Настораживают выражения вроде «…то ли драматург, то ли стриптизерша танцевала с голой грудью». Начинаешь сомневаться, не имеет ли подтекста фраза «Верховой­ский терзал себя мыслями, как он лезет к ней, в ее маленькое рабочее купе в самом начале вагона». Если бы не «начало вагона», бог знает что можно было бы подумать, особенно если учесть, что человеческий секс, по Прилепину, — это «ритмичное постукивание чего-то о что-то». Особого авторского пояснения требуют такие туманные места: «Вид за окном дрогнул и встал. По недвижному асфальту пошли в разные стороны ноги». То ли одной пары ноги пошли в разные стороны, то ли разных. А вот какая эквилибристика: «Рубаху натягивал, уже спрыгнул вниз (в голове при этом что-то спрыгнуло вверх), и одновременно влезал в ботинки». С головой в книге вообще много связано поэтики: «…к голове подступали черные тучи, свинцовые обручи, пахучие онучи…»; «Внутренности головы качнулись как холодец…». Удивляет, что Прилепин пишет все это наивно, как будто постмодерна и не было.

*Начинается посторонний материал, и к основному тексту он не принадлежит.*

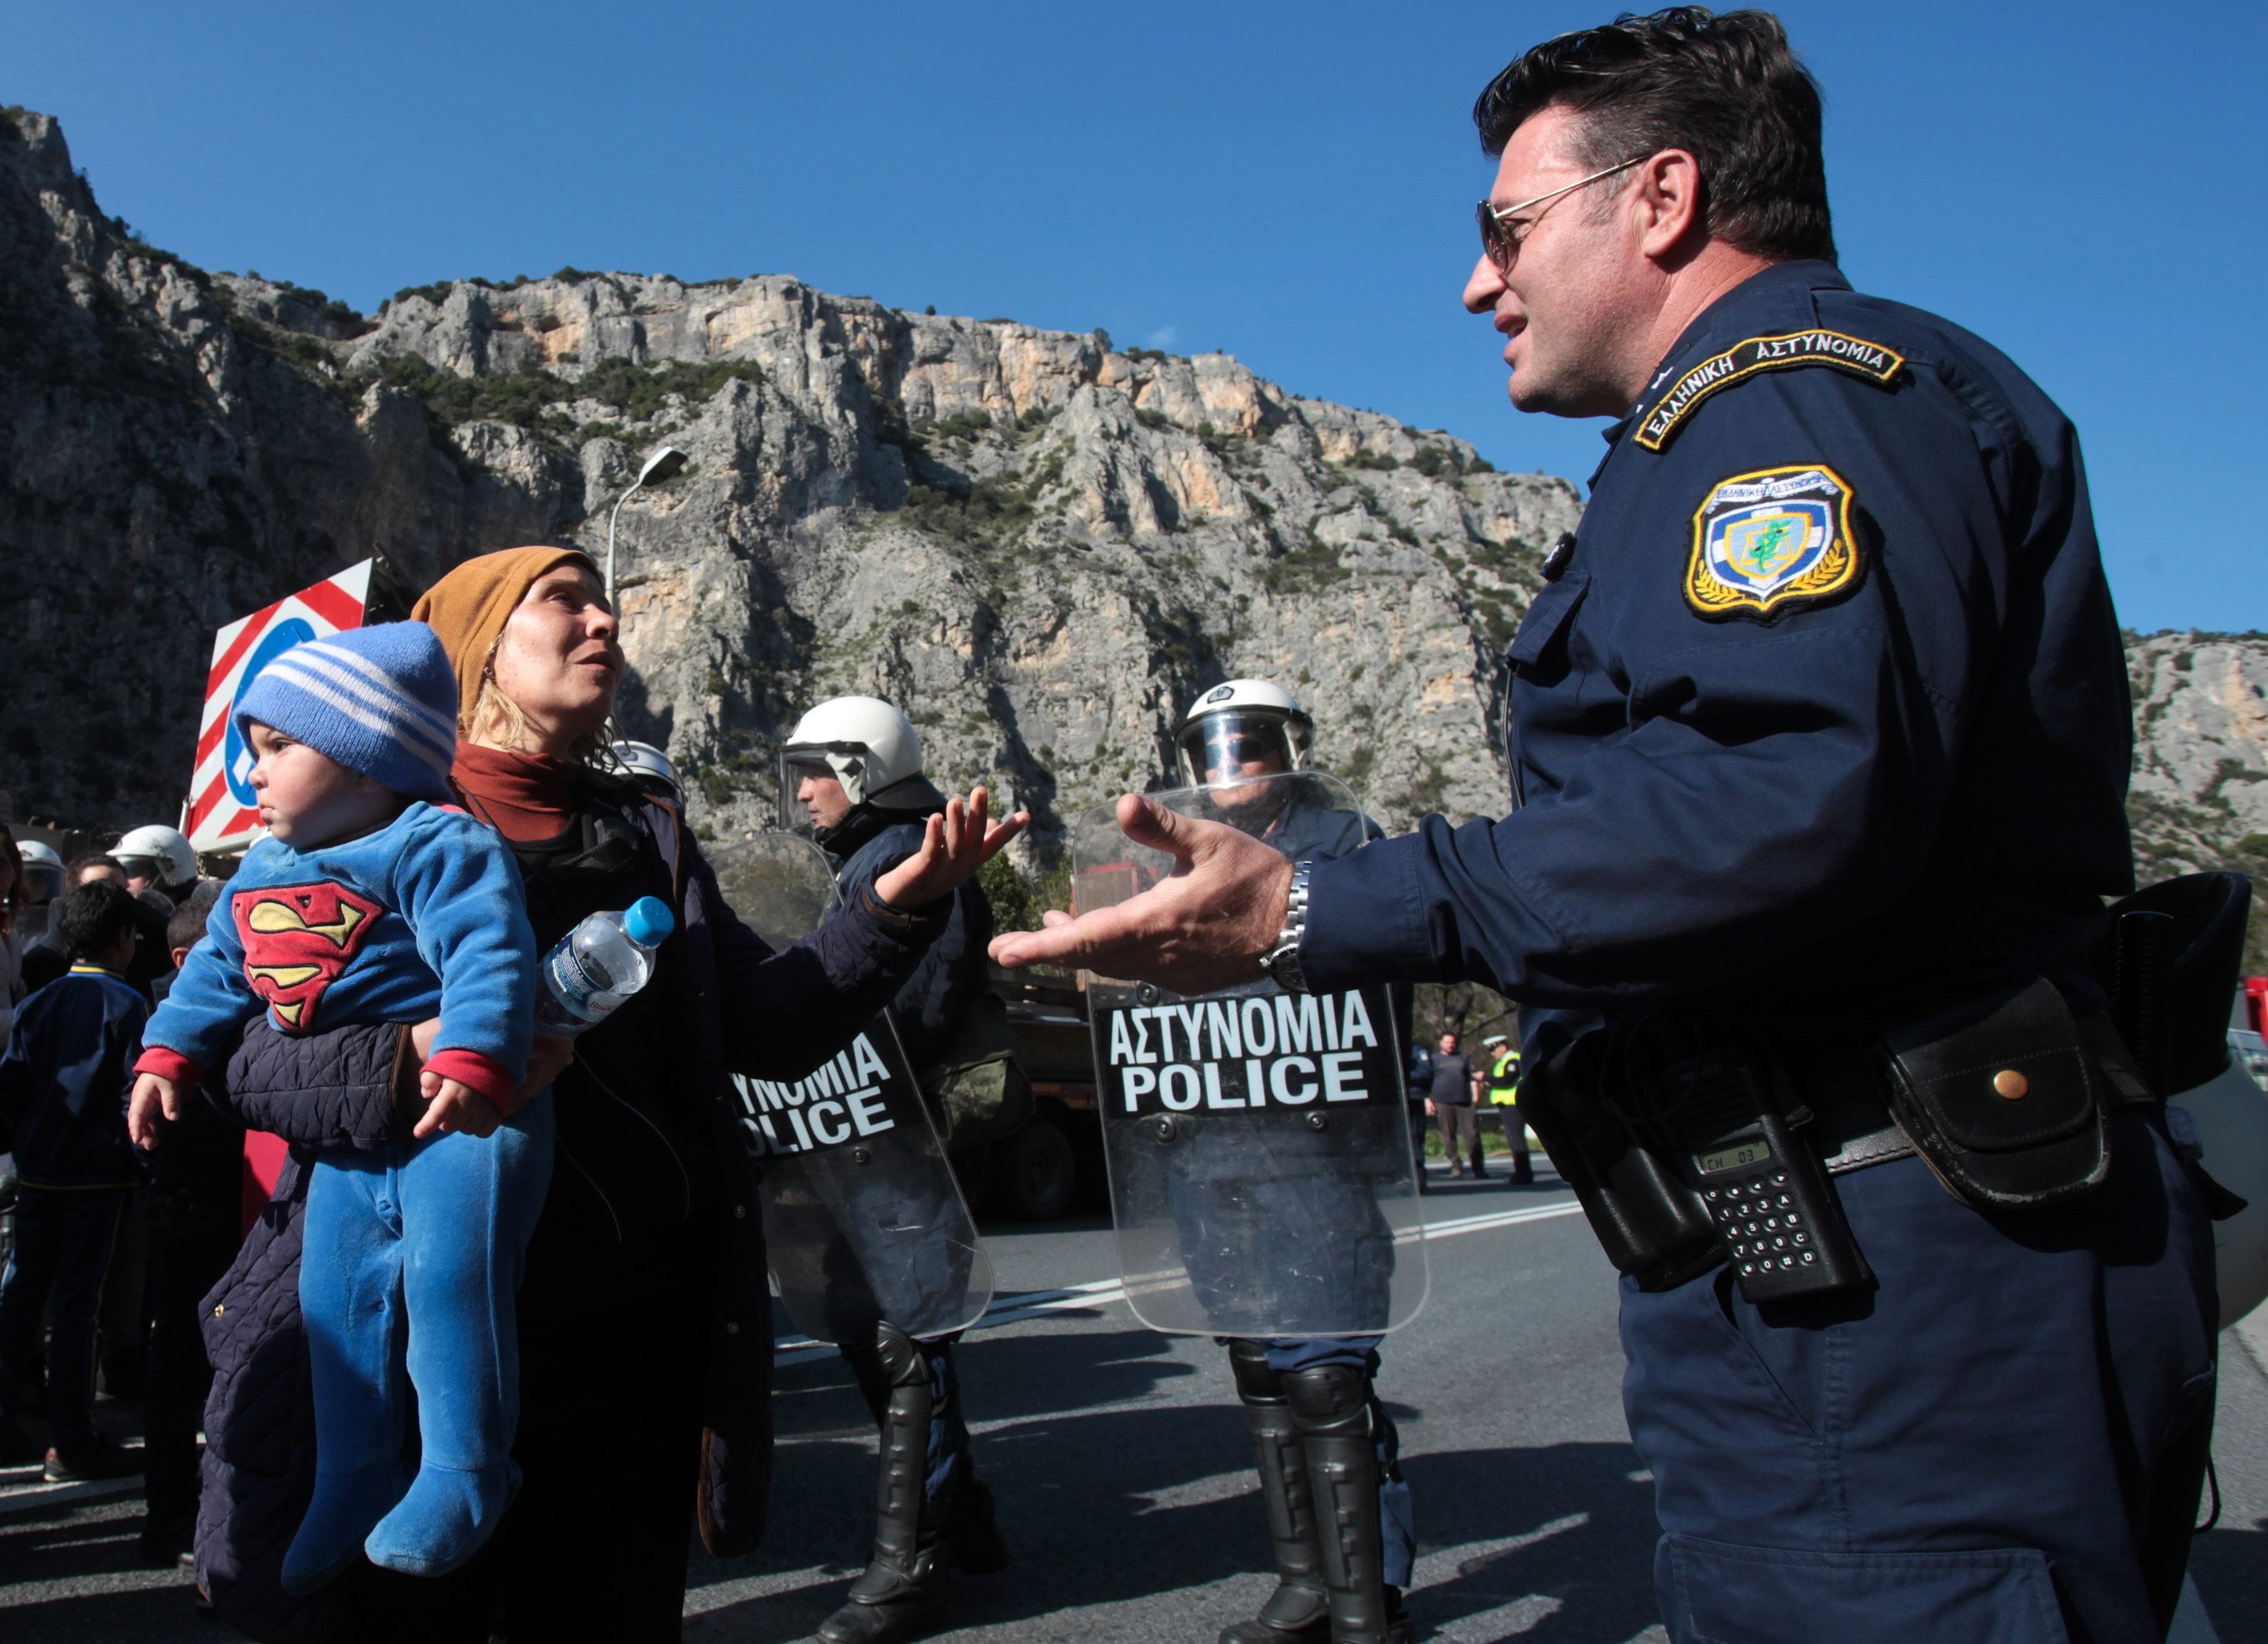 A police officer argues with migrants during a protest Thursday on a highway near Larissa, Greece. Tougher Balkan border controls have left thousands of people stranded in Greece, where some 4,000 migrants and refugees continue to arrive daily.

А кстати, что, собственно, изменилось со временем в русской литературе? Все те же маленькие трагедии маленького человека, которого советская литература подняла с колен, приодела и снабдила винтовкой. Постмодернизм посмеялся над маленьким человеком, спустил с него штаны и заставил юродствовать, тряся перед почтенной публикой гениталиями. Прилепин же выдал ему шинельку и берцы, вооружил перегаром, щетиной и злобой. Прилепинский герой служит в армии, идет на войну, погибает или выживает, любит или больше не любит свою женщину, едет с семьей отдыхать и нарывается на бандитов, размышляет о смысле жизни и славит восторженно бушующее море, бьет морду должнику, рожает детей и космонавтов, поддает с друзьями в бане, безуспешно пытаясь изменить жене с таджикской певицей… При чтении Прилепина так и проглядывает между строк лубочный портрет его читателя: такой простой русский парень, за­стенчивый, немного б/ушный; вынужденный жить в зверских условиях и вести себя «по-пацански», то есть грубо и резко, и прятать свою ранимую душу за мускулистостью скул. Но в глубине себя он романтик и лирик, ему хочется настоящей мужицкой печали, а не пустой современной печальки. Это противопоставленный «лишнему» интеллектуалу пелевинского типа, ухмыляющемуся цинику и чистому эстету, плачущий на ступеньках школьной лестницы «маленький» хулиган, осознавший вдруг свою нежную, лазоревую, как плещущееся море, сущность и не знающий, что с ней делать. Для него в «Семи жизнях» все знакомое и родное: как по району ходишь и новости от пацанов узнаешь. И хохочешь себе под пивко.

Вот так и выходит, что к концу каждой прилепинской книги брутальный маленький человек Прилепина в разбитых передрягами берцах заставляет читателя, не подходящего под этот портрет, люто скучать по высоким страданиям лишнего человека, которые некогда делали последнего любимым героем классических романов.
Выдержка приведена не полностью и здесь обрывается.